I think the question is whether you would indeed be "goofing off" at home. I have a fairly lenient work at home policy for my staff, however I still expect the same performance whether they're down the hall or at their dining table. That means keeping the same hours, the same responsiveness and managing their time appropriately. That is to say, if someone is working at home to wait for the repairman, whatever time is spent dealing with the repair stuff should either be leave time or else made up. It isn't a license to run errands, hit the gym and run the carpool unless that can be fit into lunch breaks, etc. I hold myself and my staff to a higher standard when working offsite, actually. I can only imagine it would be more so if there isn't an established corporate culture for working at home.

I think you might have better luck negotiating a flex schedule or a reduction in FTE, although that still depends heavily on the company and its culture.


----------



## EnjoliWoman (Jul 2, 2012)

I think there are a lot of good options mentioned here.
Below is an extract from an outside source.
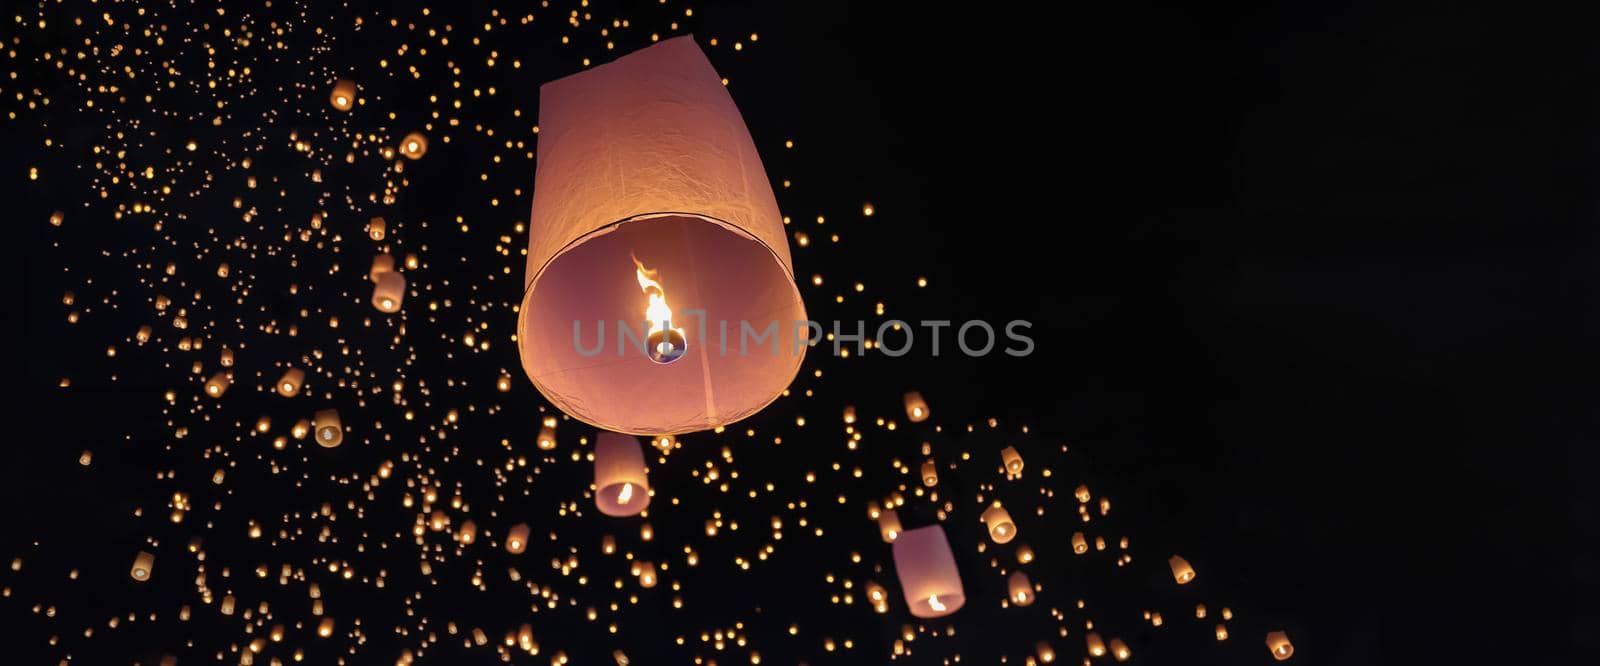 Tourist floating sky lanterns in Loy Krathong festival , Chiang Mai ,Thailand.
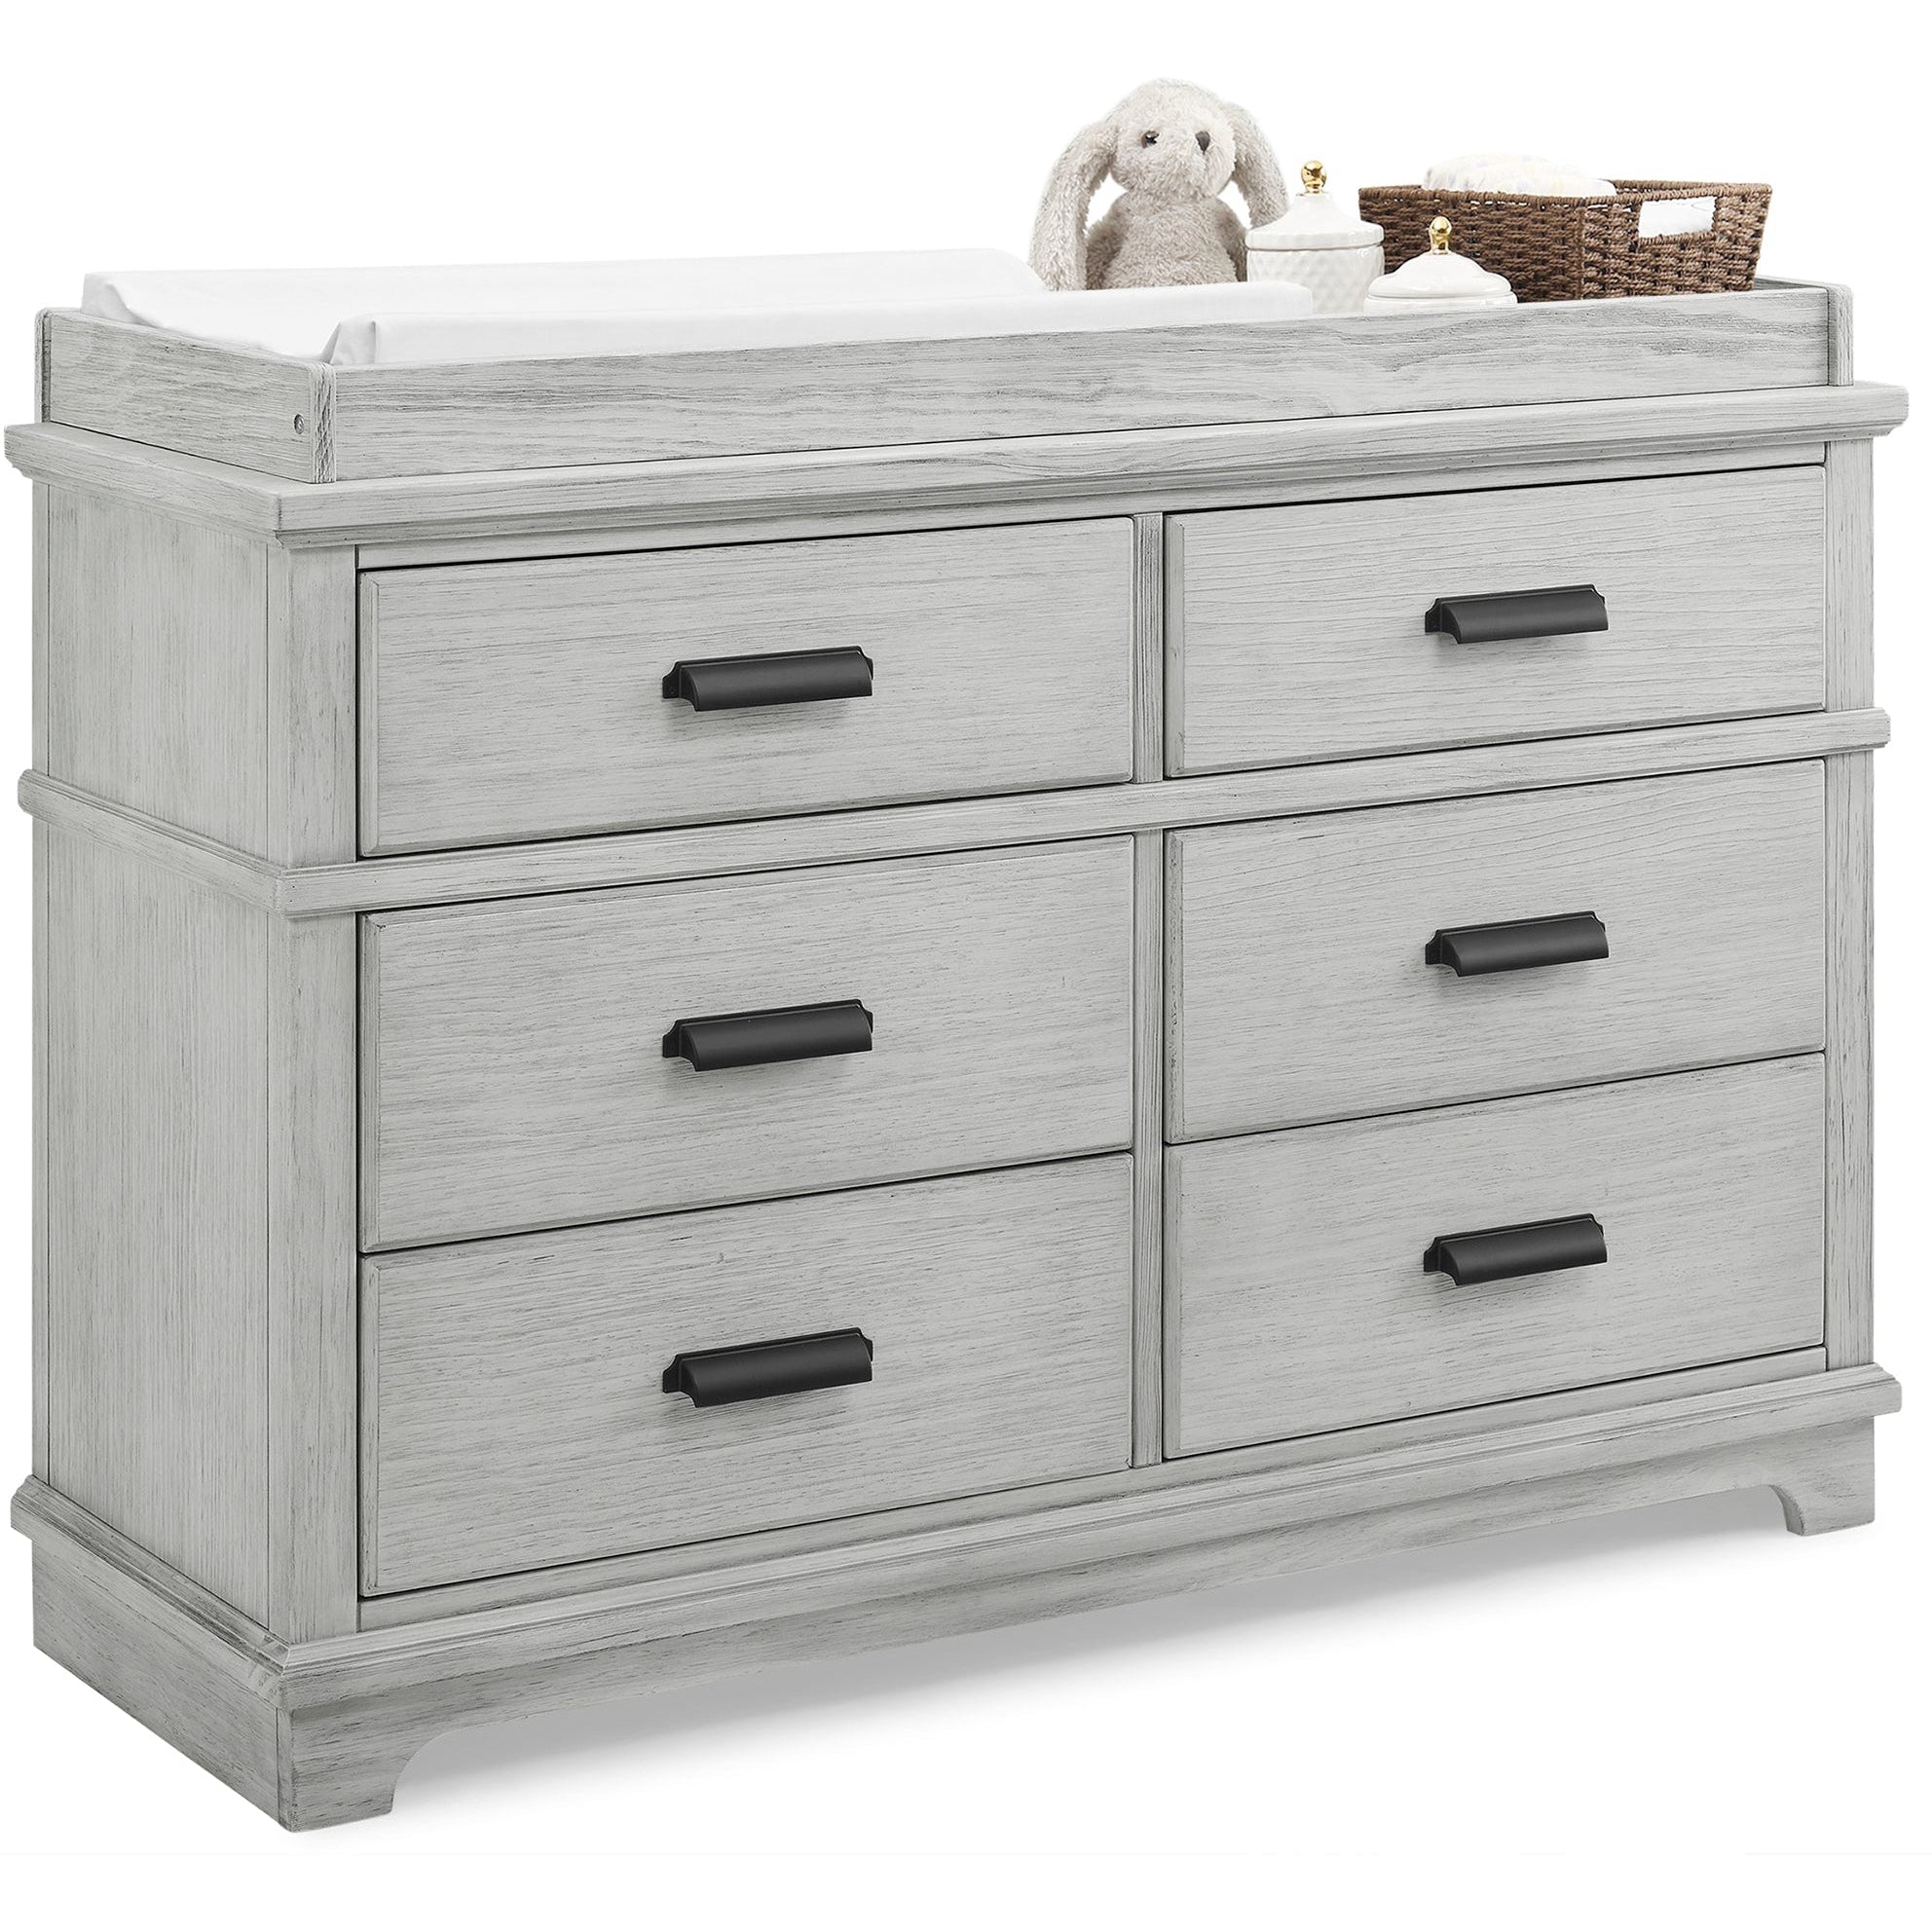 Delta Children Asher 6-Drawer Dresser with Changing Top

If you work from home, know that you are going to have to give it your ALL because those in the office may think you're goofing off. 

What about four 10-hour days? Or skipping lunch, eat at your desk and leave an hour early? Or negotiate a lower salary in exchange for 3/4 days or the 4-day work week. 

At your salaries you should have someone clean your house for you so your time at home isn't filled with mundane tasks.

Work in exercise by doing something with the boys. Make it a point to ride bikes with them or take a family walk after dinner every evening.


----------



## turnera (Jan 22, 2010)

As a mother of a 23 year old, my advice is to find ways to not NEED that salary and cut your hours in half so you don't miss out on your kids growing up. Surely you don't have $180,000/year in bills?


----------